Cumhuriyet’ten Hazal Ocak’ın haberine göre Muhcu, “Rıza Sarraf’ın kaçak yalısından Kapadokya’daki otellere kadar birçok kaçak bina yasallaşır” diyor.

“Bu açık bir imar affıdır” diyen Muhcu, “Üstü kapalı bir şekilde imar barışı adı altında gündeme getirilmektedir. Deprem de bir bahane olarak öne sürülmektedir. Sağlam yapıların oluşturulması söz konusu değildir. Söz konusu imar affıyla birlikte kaçak, kural dışı yapılan ve kamu denetim olmadan üretilen yapılar sanki sağlammış gibi kayıt altına alınacak ve iskân verilecek” ifadesini kullanıyor.
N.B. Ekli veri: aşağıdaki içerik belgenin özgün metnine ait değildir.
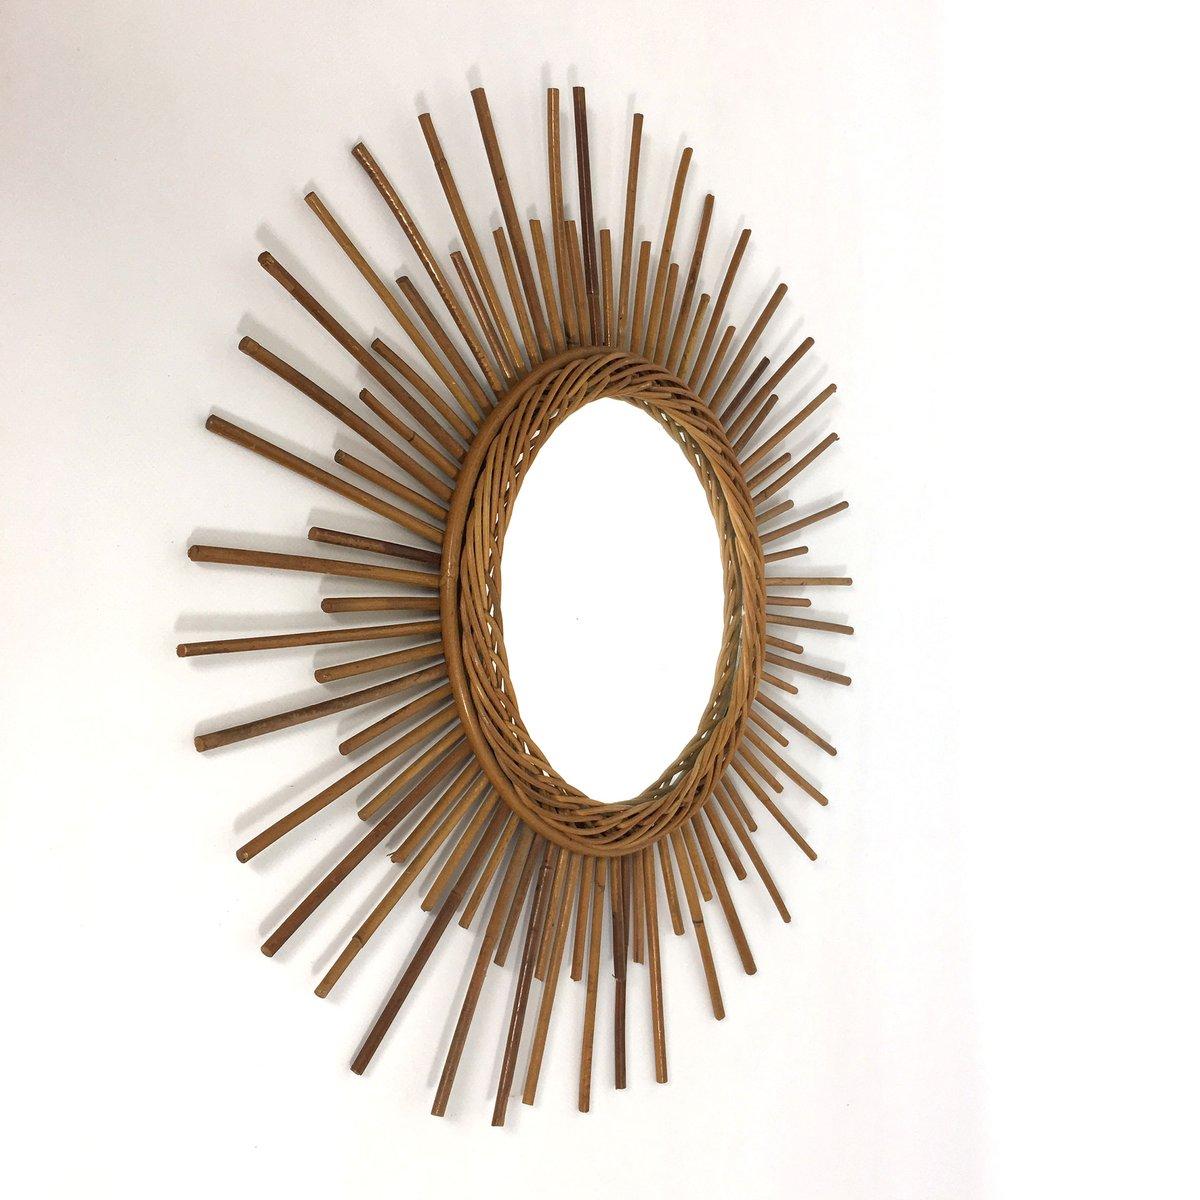 Espejo franc s con forma de sol a os 60 en venta en pamono for Espejos decorativos con forma de sol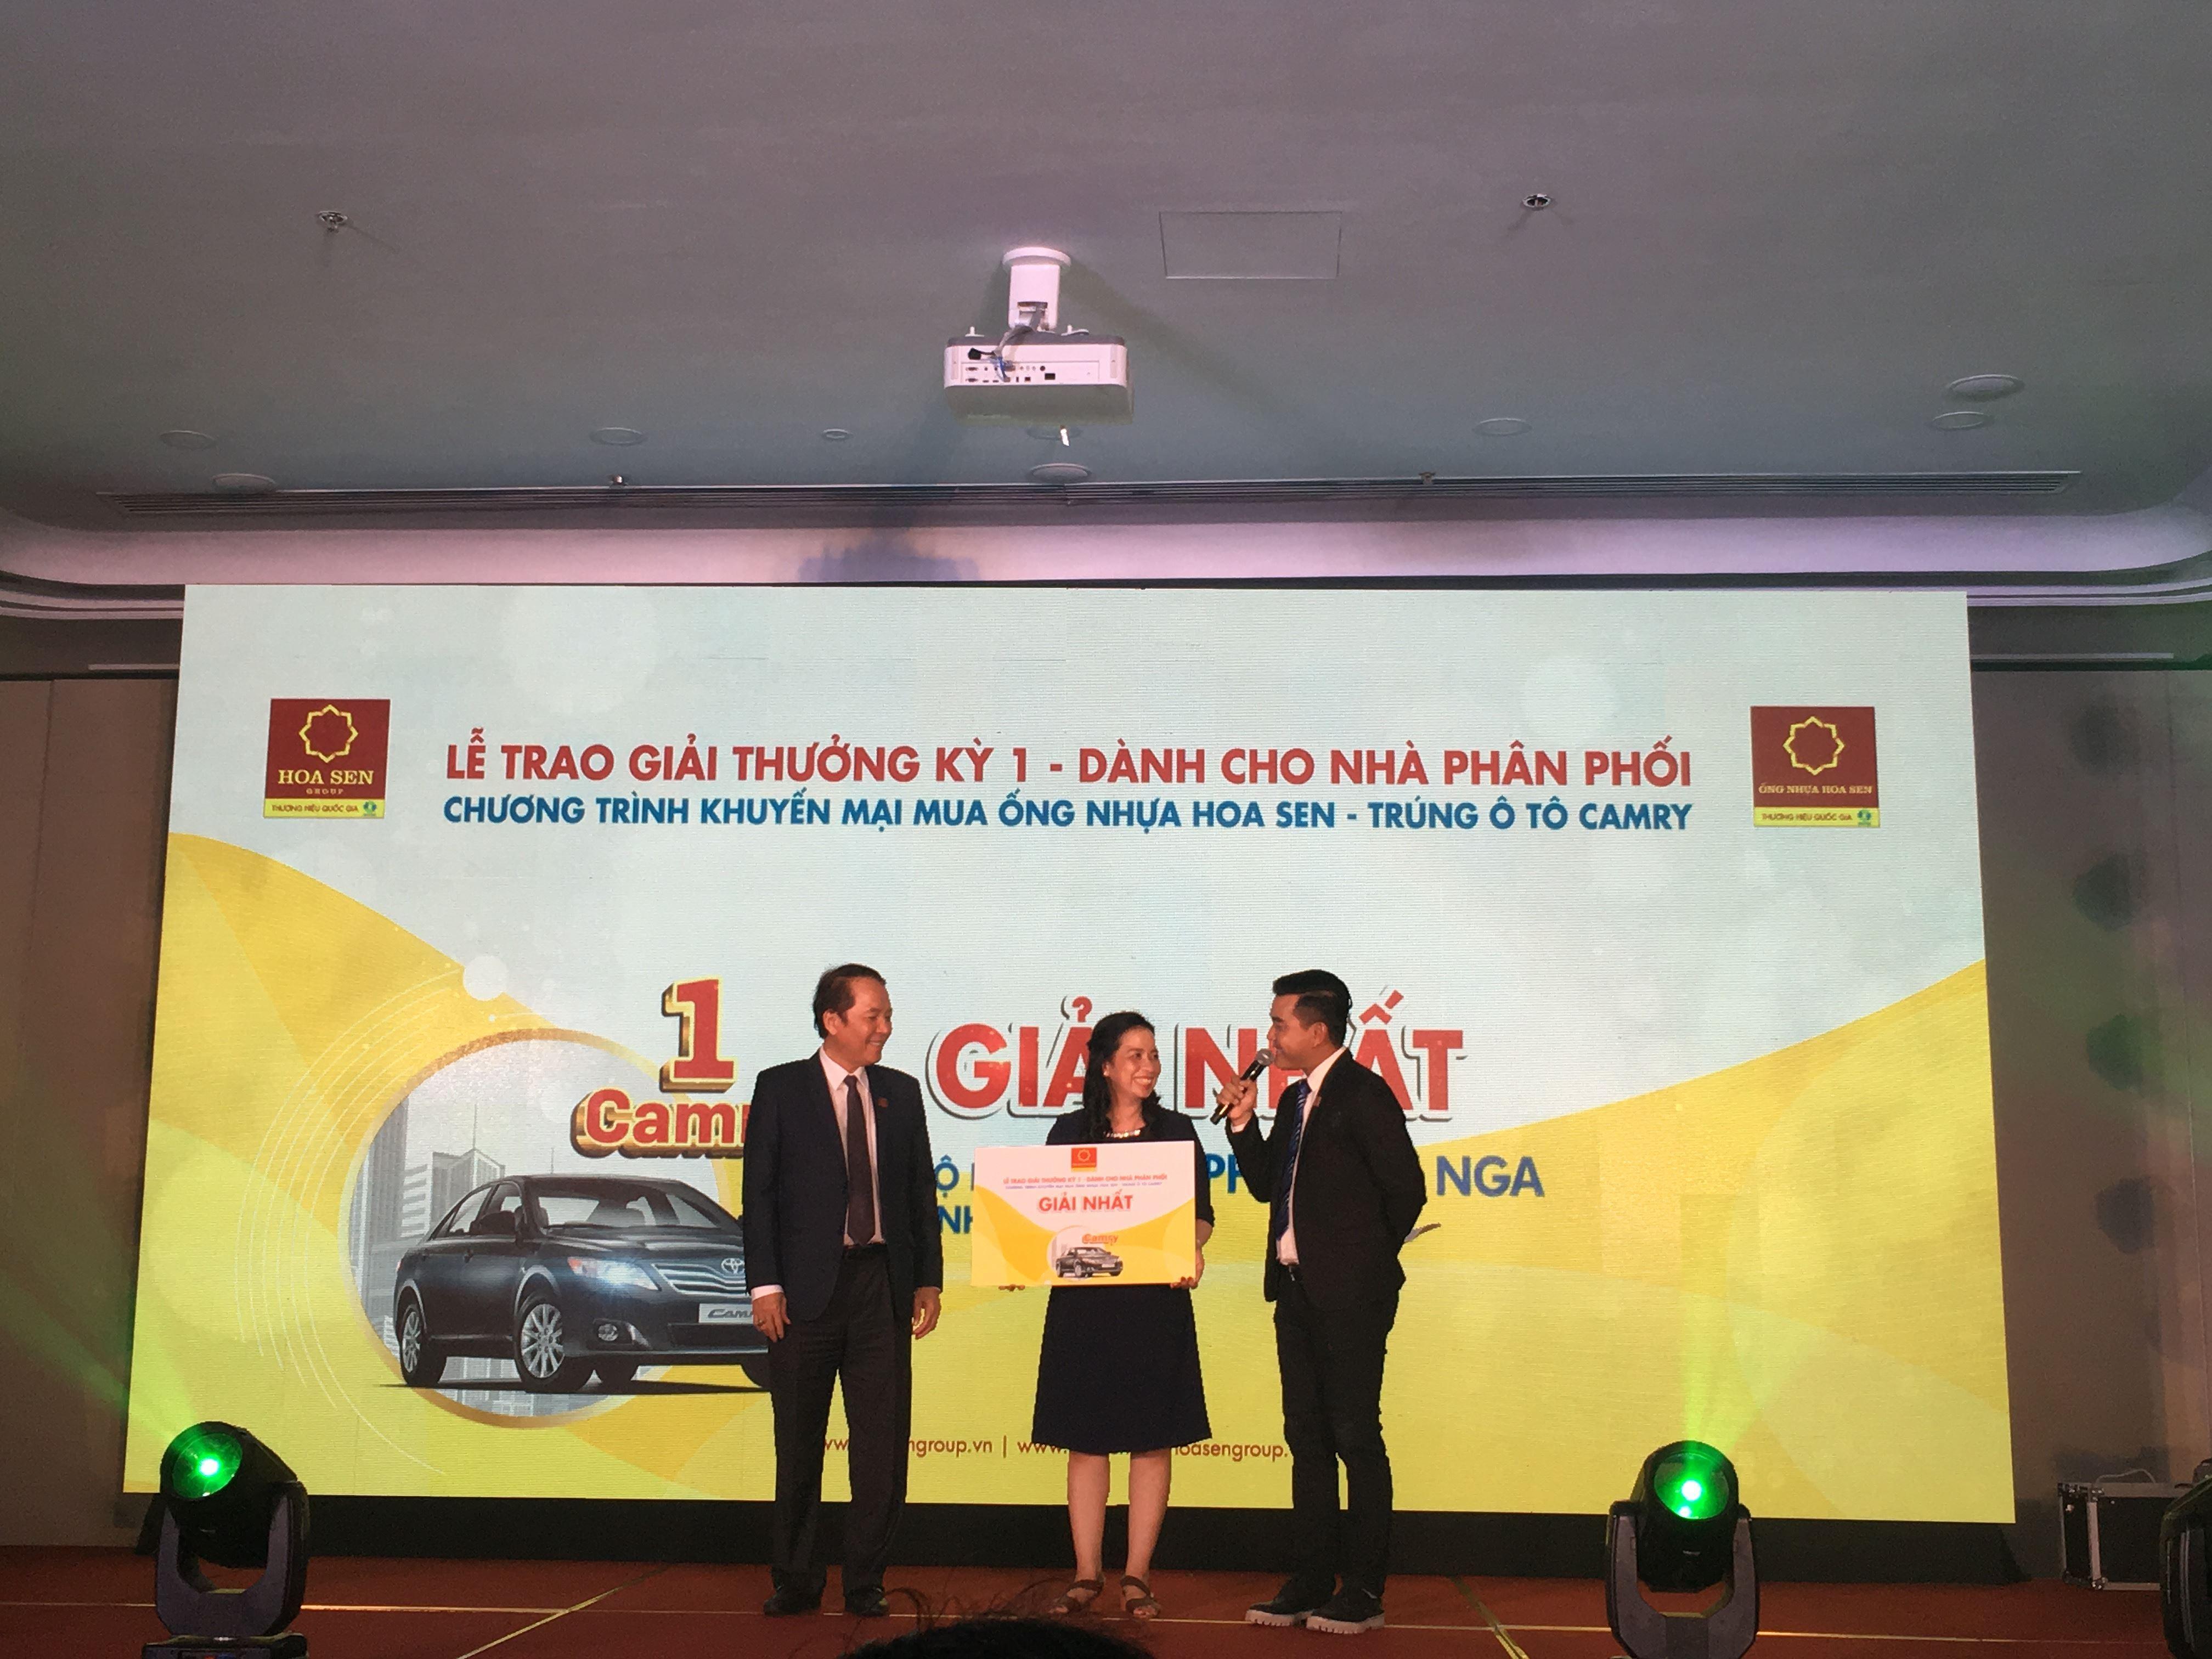 Hoa Sen tặng ô tô Camry cho nhà phân phối, đại lý mua ống nhựa ảnh 1

Son dönemde yapılan yüksek yapılar ve TOKİ’nin aracılık ettiği pek çok yapının kamu denetimi olmadan gerçekleştirildiğini hatırlatan Muhcu, sözlerine şöyle devam ediyor: 

“Bu yapılarla ilgili kural dışı eklemeler ve ilave katlar söz konusu. Bunların deprem açısından güvenli olduğunu iddia etmek mümkün değil. Yurttaşların mağduriyetinin giderileceği de doğru değil. Çünkü söz konusu işlemin kamu yararıyla bir ilgisi yok. Söz konusu imar affıyla kamu arazilerinin işgalinin yoğunlaşması, yeni ilave ve kaçak yapılaşmaların yapılması söz konusu. Seçim sürecinde kaçak uygulamaların hızlanacağını tahmin ediyoruz. Asıl amaç seçim sürecinde vatandaşların oylarını toplamak. Ekonomik krizi bir ölçüde rahatlatmak için vatandaşlardan para toplamayı hedefliyorlar. Son 16 yıldır iktidar tarafından korunan kimi inşaat firmaları ve kimi sermaye grupları aracılığıyla kural dışı ve yasalara aykırı yapılaşma gerçekleştirilmiştir. Bütün bu yapıların yasalaştırılması esas ve gizlenen amaçlardan biridir. Bir diğer amaç ise TOKİ’nin aracılık ettiği, koruduğu iktidar yanlısı büyük inşaat firmalarına yeni inşaat alanlarının oluşturulması için altyapı oluşturmaktır. 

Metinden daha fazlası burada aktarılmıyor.